WORK TO BE COMPLETED ▸ Output, word for word, the lines of this listing that fall between the line with "上海市幼儿园、义务教育学校、" and the line with "Der Lamai Strand", counting both of those lines, and no others.

RAW DATA ▸
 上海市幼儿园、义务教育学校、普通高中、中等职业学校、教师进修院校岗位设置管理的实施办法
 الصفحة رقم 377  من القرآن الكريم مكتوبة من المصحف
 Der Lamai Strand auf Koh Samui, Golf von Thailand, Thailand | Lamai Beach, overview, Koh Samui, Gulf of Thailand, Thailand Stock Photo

* * *

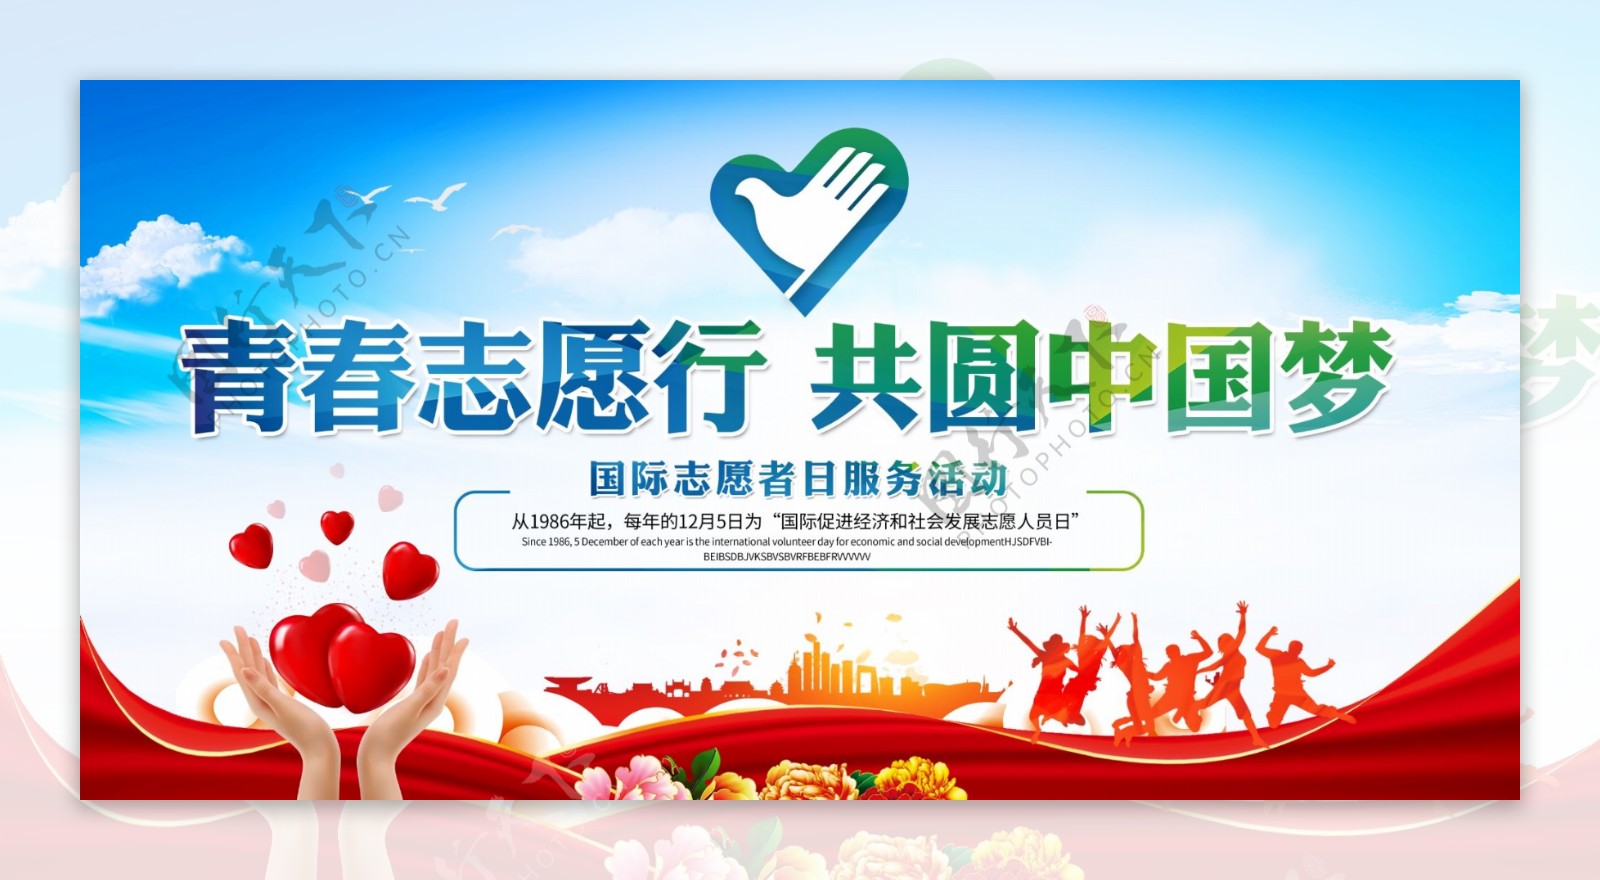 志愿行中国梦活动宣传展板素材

ANSWER TO THE EXERCISE ▸
 上海市幼儿园、义务教育学校、普通高中、中等职业学校、教师进修院校岗位设置管理的实施办法
 الصفحة رقم 377  من القرآن الكريم مكتوبة من المصحف
 Der Lamai Strand auf Koh Samui, Golf von Thailand, Thailand | Lamai Beach, overview, Koh Samui, Gulf of Thailand, Thailand Stock Photo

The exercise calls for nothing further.